I have written gemma3 inference in pure C

65 pointsposted 12 days ago
by robitec97

16 Comments

austinvhuang

10 days ago

My first implementation of gemma.cpp was kind of like this.

There's such a massive performance differential vs. SIMD though that I learned to appreciate SIMD (via highway) as one sweet spot of low-dependency portability that sits between C loops and the messy world of GPUs + their fat tree of dependencies.

If anyone want to learn the basics - whip out your favorite LLM pair programmer and ask it to help you study the kernels in the ops/ library of gemma.cpp:

https://github.com/google/gemma.cpp/tree/main/ops

janwas

10 days ago

:D Your code was nicely written and it was a pleasure to port to SIMD because it was already very data-parallel.

rao-v

10 days ago

I'm really charmed by this project (I know there are a few like it).

In particular it's got a single ~600 line file (https://github.com/robitec97/gemma3.c/blob/main/gemma3_kerne...) with a clear straightforward implementation of every major function used in inferencing (google's models) from gelu to rope.

I'm curious how many more functions you'd need to add to have full coverage of every publically available LLM innovation (e.g. QK-Norm from Qwen3, SwiGLU etc.).

Obviously llama.cpp has a much bigger library but it's lovely to see everything in one clean file.

w4yai

10 days ago

> It proves that modern LLMs can run without Python, PyTorch, or GPUs.

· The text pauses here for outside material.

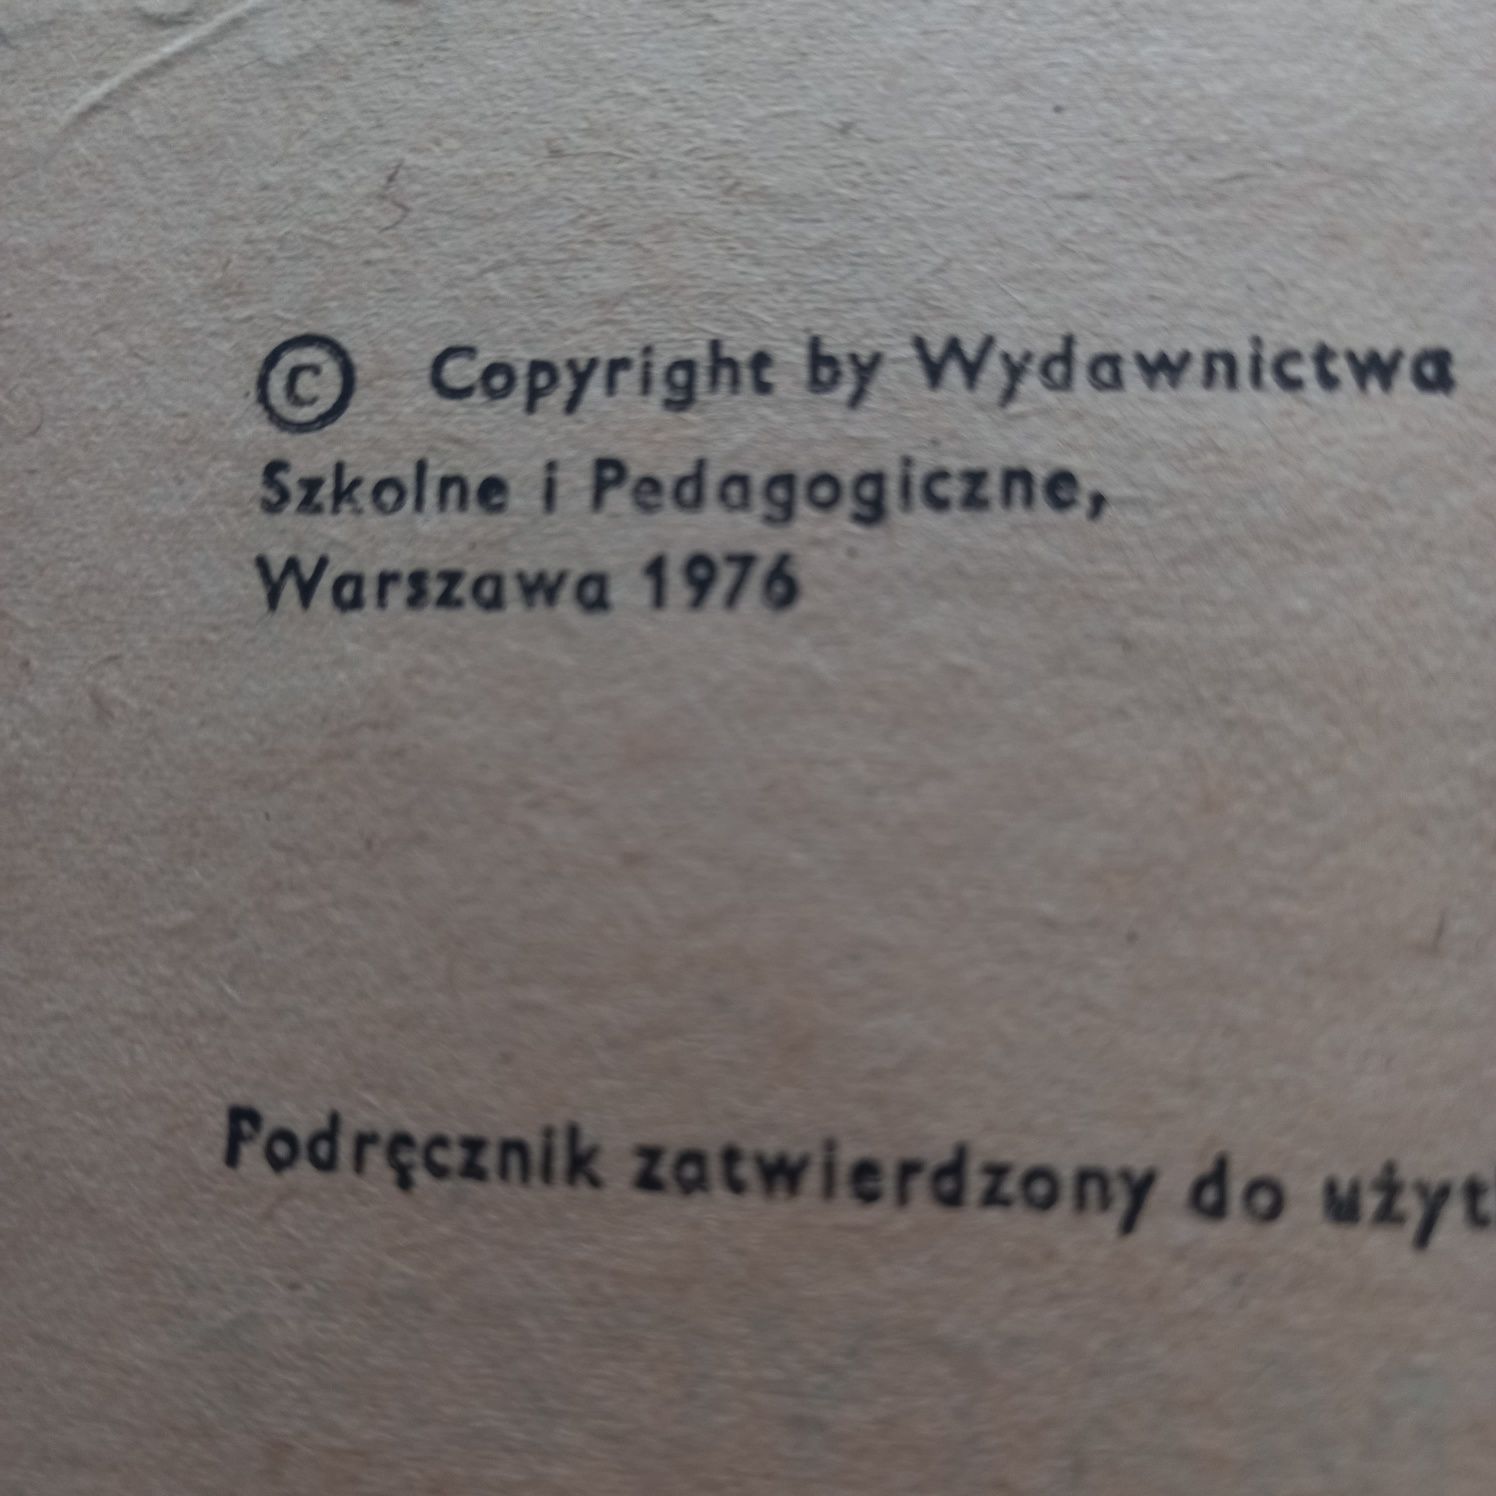 123 Ćwiczenia matematyczne wyd.1981 Zofia Cydzik

Did we need any proof of that ?

jdefr89

10 days ago

Python and PyTorch all call out to C libraries… I don’t get what he means by “proving LLMs can run without Python and PyTorch” at all. Seems like they don’t understand basic fundamentals about things here…

jasonjmcghee

10 days ago

I guess llama.cpp isn't quite as popular as I had assumed.

christianqchung

10 days ago

A bizarre claim like that would be what happens when you let an LLM write the README without reading it first.

skybrian

10 days ago

Knowing the performance is interesting. Apparently it's 1-3 tokens/second.

tolerance

10 days ago

I imagine so regarding GPUs, right? Is this is a legitimate project then doesn’t it provide a proof of concept for performance constraints that relate to them? Couldn't the environmentally concerned take this as an indicator that the technology can progress without relying on as much energy is potentially spent now? Shouldn’t researchers in the industry be thinking of ways to prevent the future capabilities of the technology from outrunning the capacity of the infrastructure?

I know very little about AI but these are things that come to mind here for me.

user

12 days ago

[deleted]

pacman1337

9 days ago

Anyone using this model for something useful? For now I only have use cases for top performing models...

behnamoh

10 days ago

but why tho? next gemma is coming and no one uses gemma 3 in prod anyway.

uncognic

10 days ago

I think /* */ single-line comments is a pretty good indication.

NitpickLawyer

10 days ago

> no one uses gemma 3 in prod anyway.

Umm, we do. It's still one of the best for eu countries support / help chatbot style. It's got good (best?) multilingual support ootb, it's very "safe" (won't swear, won't display chinese characters, etc) and it's pretty fast.

austinvhuang

10 days ago

I don't have firsthand knowledge, but r/SesameAI seems to believe Maya/Miles products are based on a Gemma3 backbone.

data-ottawa

10 days ago

Gemma3 is probably the best supported fine tunable model.